A great fish taco depends on the freshness of the fish, the quality of the tortilla, and the punchiness of the salsas, contrasted against the creaminess of the crema and the crunchiness of the slaw. Use white fish fillets such as pollock, hake, or snapper and coat in a spicy mix of cumin, coriander, and paprika.
1 tablespoon cumin seeds
1 tablespoon coriander seeds
1 teaspoon smoked paprika
½ teaspoon salt
1 1/3 lb./800 g white fish fillets, such as pollock, hake, snapper, or any easy-to-fillet flat fish
Flour, for dusting
Salt and freshly ground black pepper
2 tablespoons vegetable oil
2 tablespoons mayonnaise
4 tablespoons Greek-style yogurt
1 teaspoon Red Salsa or Tabasco sauce
14 oz./400 g white cabbage, coarsely shredded
1 carrot, coarsely grated
½ onion, thinly sliced
8 small corn or flour tortillas
1 ripe avocado, peeled, pitted/stoned and sliced
1 lime, sliced
1 cucumber, thinly sliced
Make up the crema by mixing together the mayonnaise, yogurt, and the Salsa or Tabasco. Set aside.
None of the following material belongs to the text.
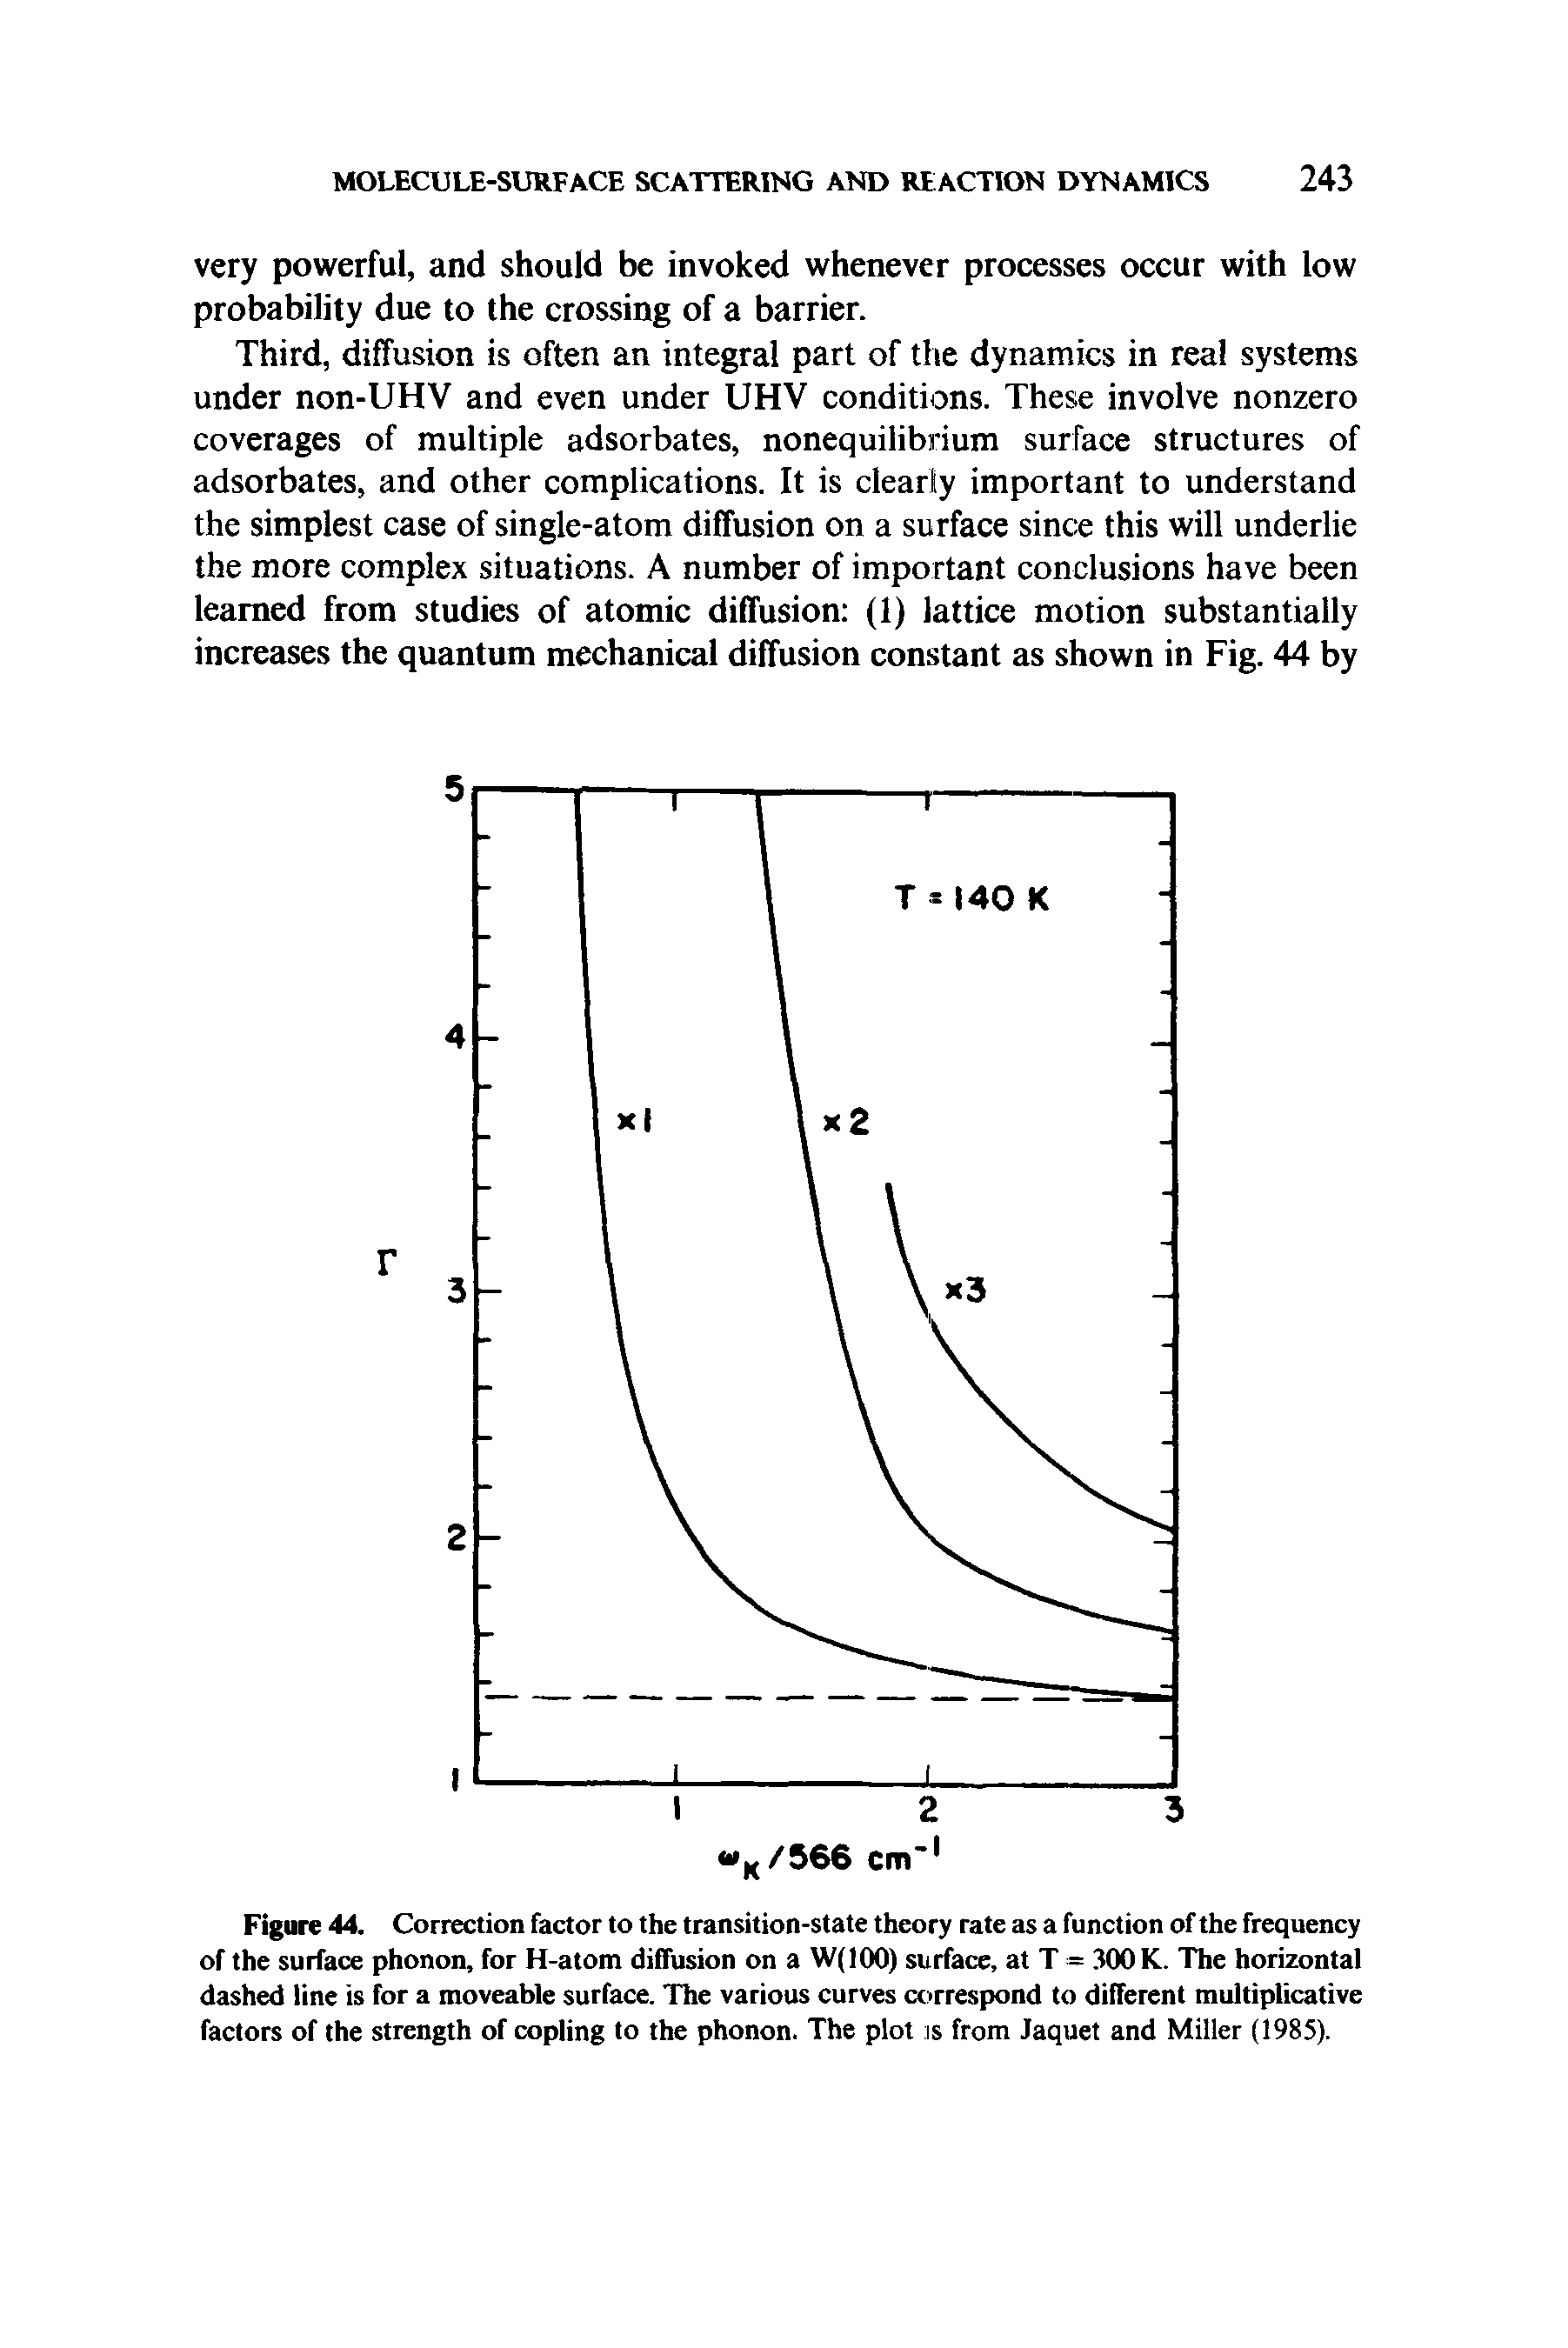 Figure 44. Correction factor to the transition-state theory rate as a function of the frequency of the surface phonon, for H-atom diffusion on a W(IOO) surface, at T = 300 K. The horizontal dashed line is for a moveable surface. The various curves correspond to different multiplicative factors of the strength of copling to the phonon. The plot is from Jaquet and Miller (1985).

Combine the cabbage, carrot, and onion into a slaw. Set aside.
Heat a small, dry skillet/frying pan and lightly toast the cumin and coriander seeds. When slightly coloured, grind to a coarse powder using a mortar and pestle. Mix in the smoked paprika and salt. Rub this mixture all over the fish fillets and set aside for at least 30 minutes.
Prepare the fish by slicing it into manageable portions for 8 tacos, then dust in flour combined with a little salt and pepper. Heat the oil in a skillet/frying pan and fry the fish in two batches until just slightly browned and cooked through. Transfer to a plate lined with paper towels to drain, then keep warm.
Heat a cast iron pan to warm the tortillas until slightly charred and warmed through.
To make up the tacos, place some of the slaw on each tortilla, add the fish, and drizzle over the crema. Serve with slices of avocado, lime, and cucumber.